Step 1: Add Lineage Metadata
Every record needs an audit trail showing where it came from, when it was processed, and which node handled it. This replaces manual DataStage annotations with automatic lineage injection.
The Goal
Add a _lineage object to every record containing:
- Source system identifier
- Source table name
- Pipeline name
- Extraction timestamp
- Processing node ID
Why This Matters
Regulatory Compliance: Financial regulators require complete data lineage for audit purposes.
Debugging: When data looks wrong in BigQuery, trace it back to the exact source record.

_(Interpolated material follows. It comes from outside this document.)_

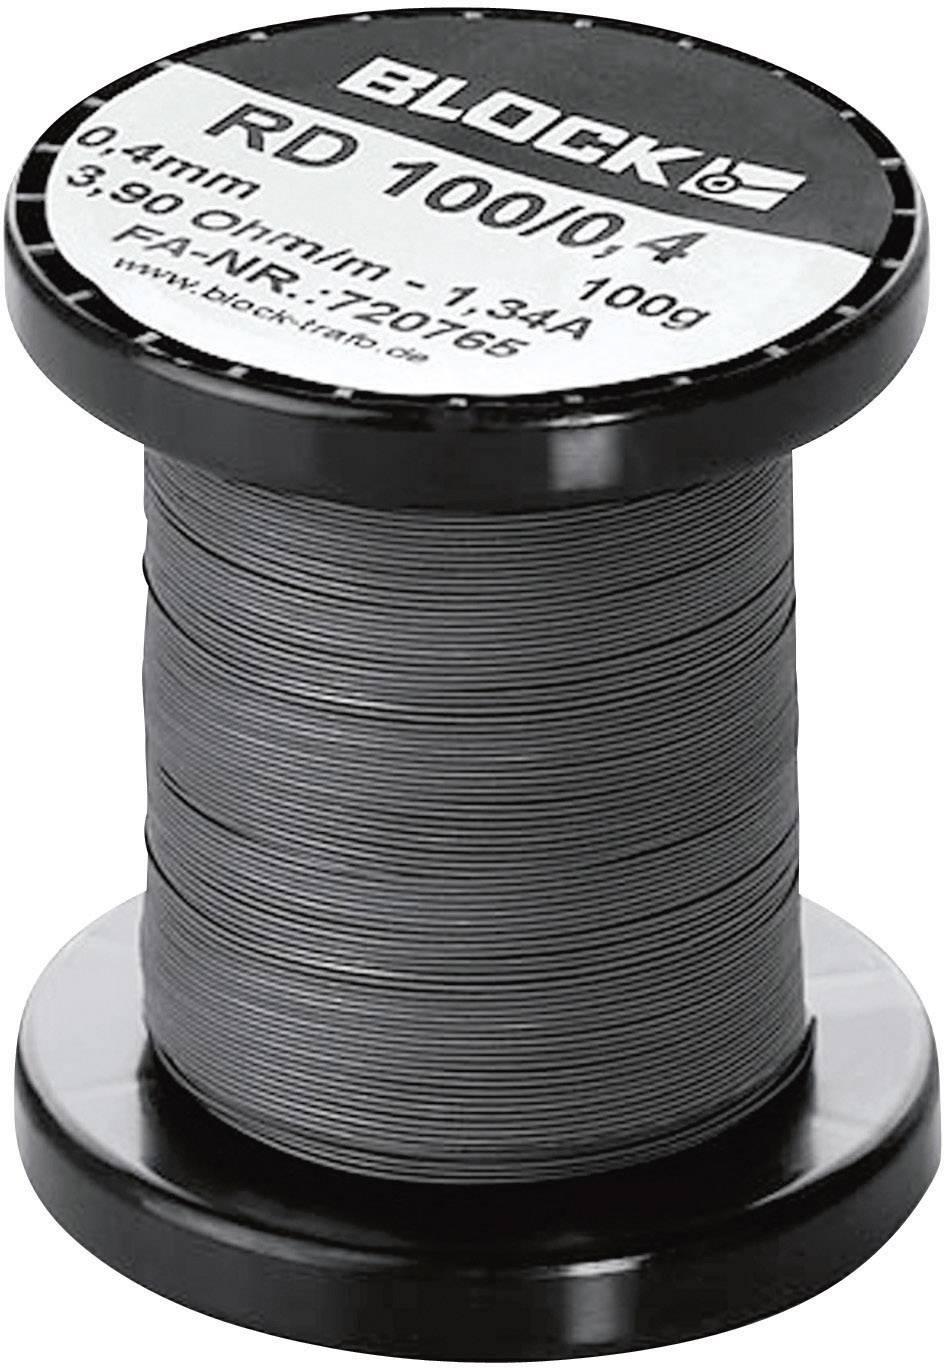 Odporový drát (konstantan) Block RD 100/3,0, 0.069 Ω/m, 1.5 m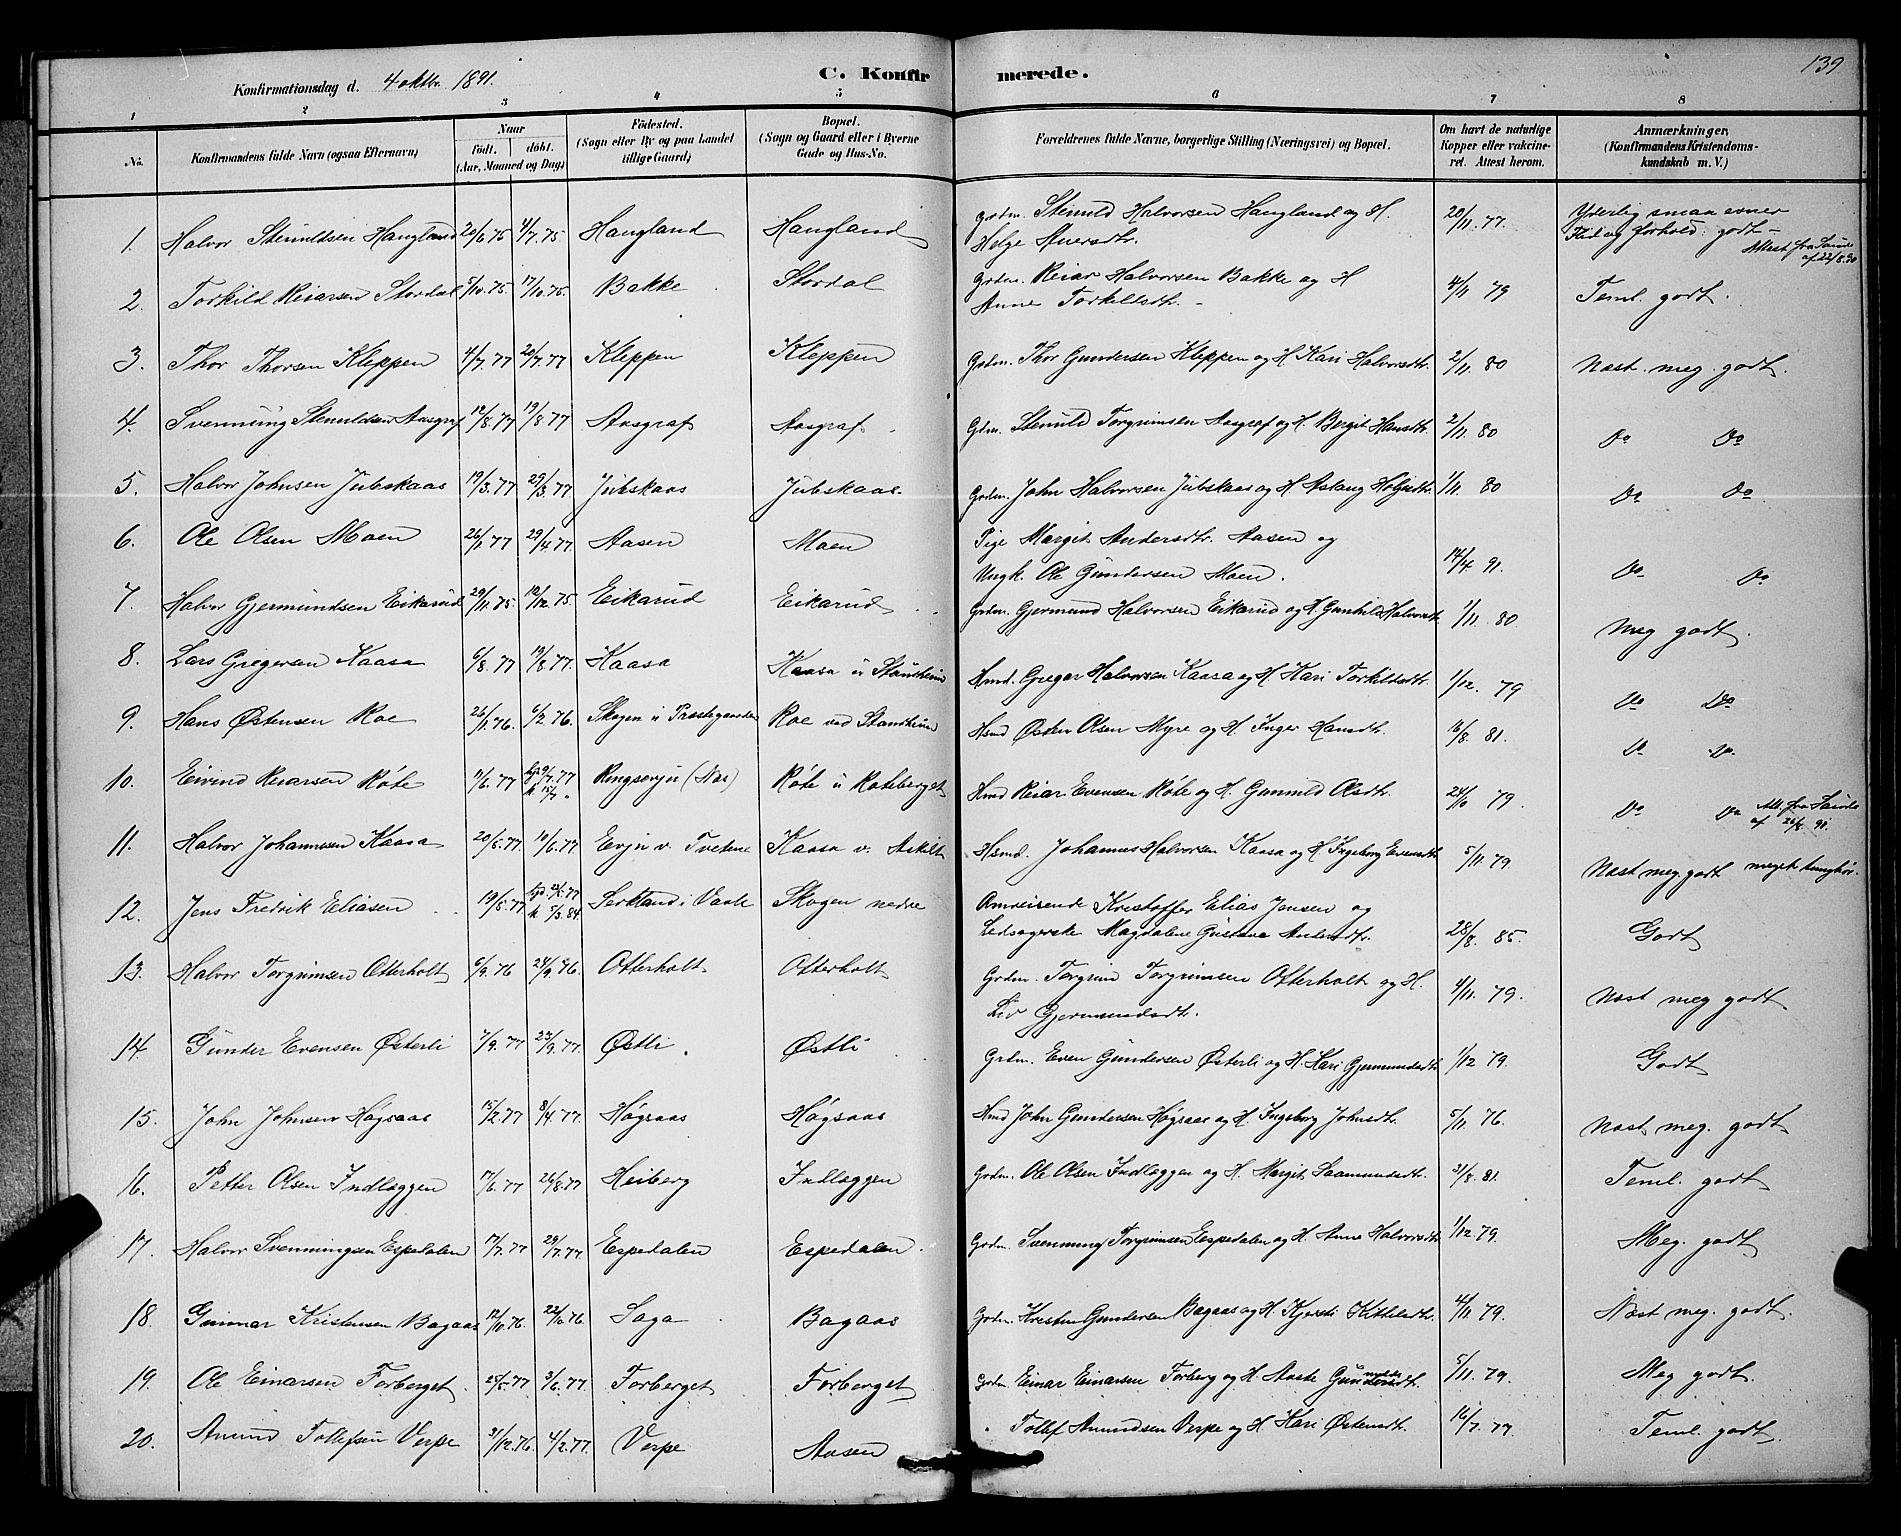 SAKO, Bø kirkebøker, G/Ga/L0005: Klokkerbok nr. 5, 1883-1897, s. 139

Multi-Node Deployments: Know which edge node processed each record.
DataStage Equivalent
In DataStage, you'd typically:
- Create custom annotations in job properties
- Use a Transformer to add metadata columns
- Maintain a separate lineage table
Expanso simplifies this to a single mapping processor.
Implementation
-
Copy the foundation pipeline:
cp db2-foundation.yaml step-1-lineage.yaml -
Add the lineage processor:
step-1-lineage.yamlpipeline:
processors:
- mapping: |
root = this
root._lineage = {
"source_system": "DB2_PROD",
"source_table": "TRANSACTIONS",
"pipeline": "db2-to-bigquery-transactions",
"extracted_at": now(),
"node_id": env("NODE_ID").or("unknown")
} -
Test the transformation:
NODE_ID=edge-node-test expanso-edge run --config step-1-lineage.yaml
Understanding the Code
| Expression | What It Does |
|---|---|
root = this | Start with the original record |
root._lineage = {...} | Add a new nested object |
now() | Current UTC timestamp |
env("NODE_ID") | Read environment variable |
.or("unknown") | Fallback if env var not set |
Expected Output
Input:
{
"TRANSACTION_ID": "TXN-2024-00123456",
"ACCOUNT_NUMBER": "4532-1234-5678-9012",
...
}
Output:
{
"TRANSACTION_ID": "TXN-2024-00123456",
"ACCOUNT_NUMBER": "4532-1234-5678-9012",
...
"_lineage": {
"source_system": "DB2_PROD",
"source_table": "TRANSACTIONS",
"pipeline": "db2-to-bigquery-transactions",
"extracted_at": "2024-01-16T02:00:00Z",
"node_id": "edge-node-test"
}
}
Production Considerations
Dynamic Source Tracking
For pipelines reading from multiple tables:
- mapping: |
root = this
root._lineage = {
"source_system": meta("source_system").or("DB2_PROD"),
"source_table": meta("table_name").or("UNKNOWN"),
"pipeline": "db2-to-bigquery-transactions",
"extracted_at": now(),
"node_id": env("NODE_ID").or("unknown")
}
Lineage Versioning
Track pipeline version for debugging migrations:
root._lineage.pipeline_version = "2.1.0"
root._lineage.config_hash = "a1b2c3d4"